SCHNEID COMMENTS: Our bodies are not commodities

Hannah Schneider is a junior communications major and creative writing minor and writes 'Schneid Comments' for the Daily News. Her views do not necessarily agree with those of the newspaper. Write to Hannah athmschneider@bsu.edu.

 Eating disorders don’t exist in a vacuum. Despite being very real, possibly fatal illnesses, they don’t appear like colds. They are a result of many, many different factors, but the one I want to focus on is the concept of beauty. The cultural conviction and affinity for meeting a certain specific ideal.

I don’t know what it's like to feel like I don’t have an expiration date. My whole life, I have felt like I needed to be beautiful to be taken into account. Now that I am 20 years old, and by some standards "beautiful," I worry about its fleeting nature and what will happen when that so-called "beauty" fades. What I mean by that is, from the moment I started to obsess over my dolls and princess movies as a child to now, I have always had the concept of my beauty resting in view. I need to have these things in order to be valued. I must strive for them.

I remember being 86 pounds and worrying about how I wanted to be back in the 70s. I was nine. I didn’t have an ED then, but it is important to recognize our thoughts and frames of reference, especially at young ages. For the 10 years it took me to escape my teens, I was inundated with messages about my body. What my body was supposed to do, how it was supposed to curve and who I was supposed to present it for.

Not only do we think we know what our bodies should look like, but we also begin to hold assumptions and expectations for others. That’s something I've realized recently. Even as a liberal feminist who strives to be an accepting person, I too expect beauty from women and bulk and chisel from men. This is because it is what I constantly see portrayed in the media I consume. I am working to reconceptualize my preconceived expectations, but it's hard after 20 years of consuming media's misleading messages.

Hannah Schneider

There is nothing wrong with feeling, wanting or being beautiful. But it seems to me that the definition of beauty is entirely too narrow and exclusively meant for people to match what brands and companies that have been deemed desirable. Blonde, tall, tan, thin and white for women, for example.

Naomi Wolf, author of the essay, “The Beauty Myth” explains that after the feminist movement, in which mostly middle class women were liberated from traditional roles within domestic settings, the beauty industry exploded in the following decades. The cosmetic, weight loss and skin care industries all but began, and women started to be featured in advertisements differently. And now, according to Anorexia Nervosa and Associated Disorders:

  • The body type portrayed in advertising as the ideal is possessed naturally by only 5 percent of American females.
  • 47 percent of girls in fifth-12th grade reported wanting to lose weight because of magazine pictures.
  • 69 percent of girls in fifth-12th grade reported that magazine pictures influenced their idea of a perfect body shape.
  • 42 percent of first-third grade girls want to be thinner.
  • 81 percent of 10-year-olds are afraid of being fat.

The results and harmful effects are not only harmful to women. With men,

  • An estimated 10-15 percent of people with anorexia or bulimia are male.
  • Men are less likely to seek treatment for eating disorders because of the perception that they are “woman’s diseases.”

Overall, these diseases are incredibly serious and life threatening. However, they aren’t like colds where all of sudden one just "has an eating disorder." They develop over time and are, in part, a response for the warped images we see and are manipulated into striving for.

As a communications major, I recognize the necessity that advertising, media and entertainment possess in our culture and overarching economic industry.

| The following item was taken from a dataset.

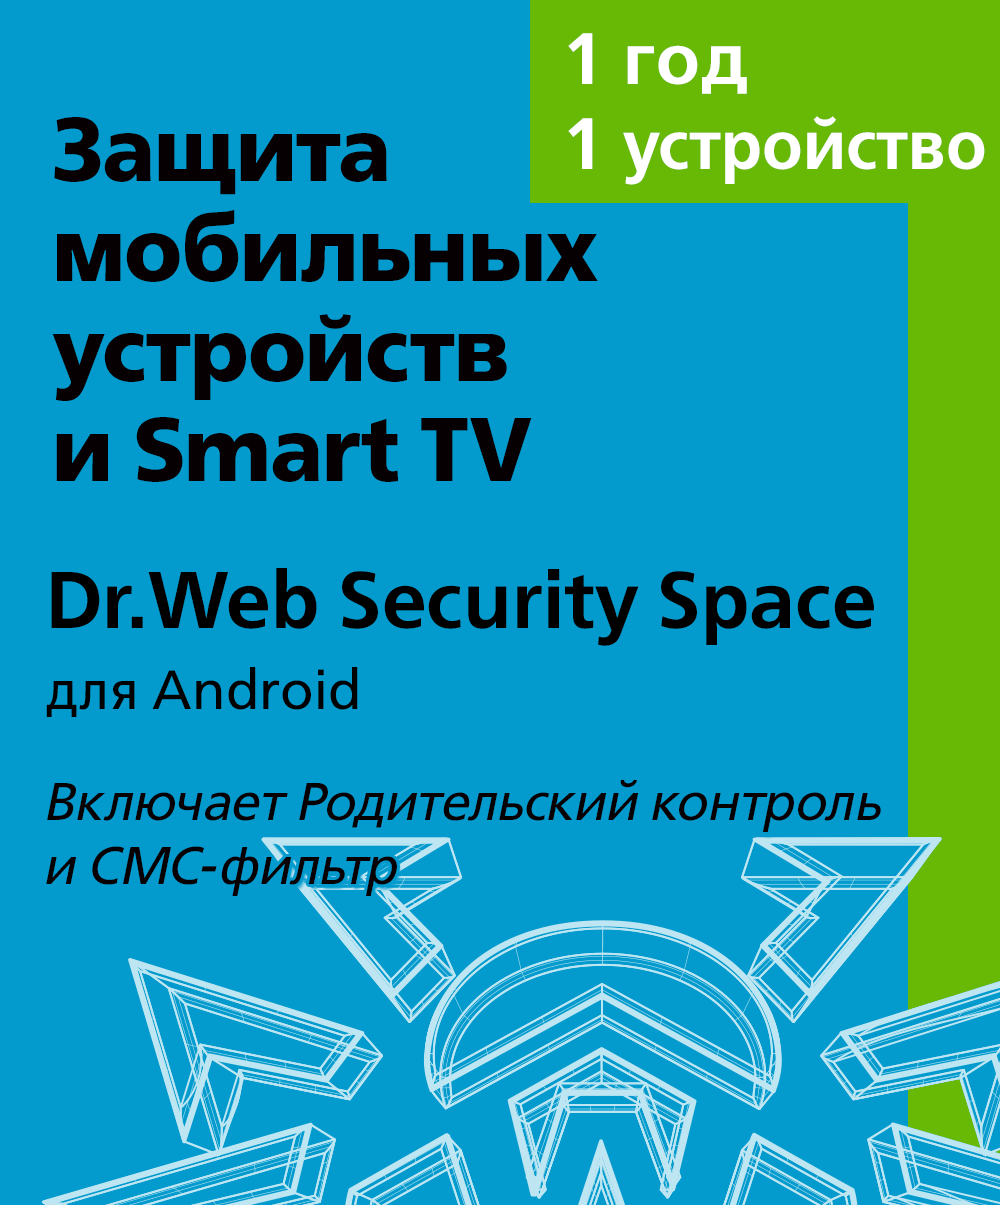 Dr.Web Security Space (for mobile devices) - for 1 device, for 12 months, KZ

As a woman, I recognize the fear of not being valuable if I am not beautiful.

At what point did our bodies become commodities? At what point did these industries decide they needed to convince men and women that they were lacking so much... To convince them to consume and syndicate a completely unrealistic idea?

My body has rarely ever felt like my own, and I have been so unfair to it. I have begun to apologize for the anger that I have had toward it, but until these overarching images of slenderness and flawlessness are reconciled in some way, many will have similar or even worse experiences.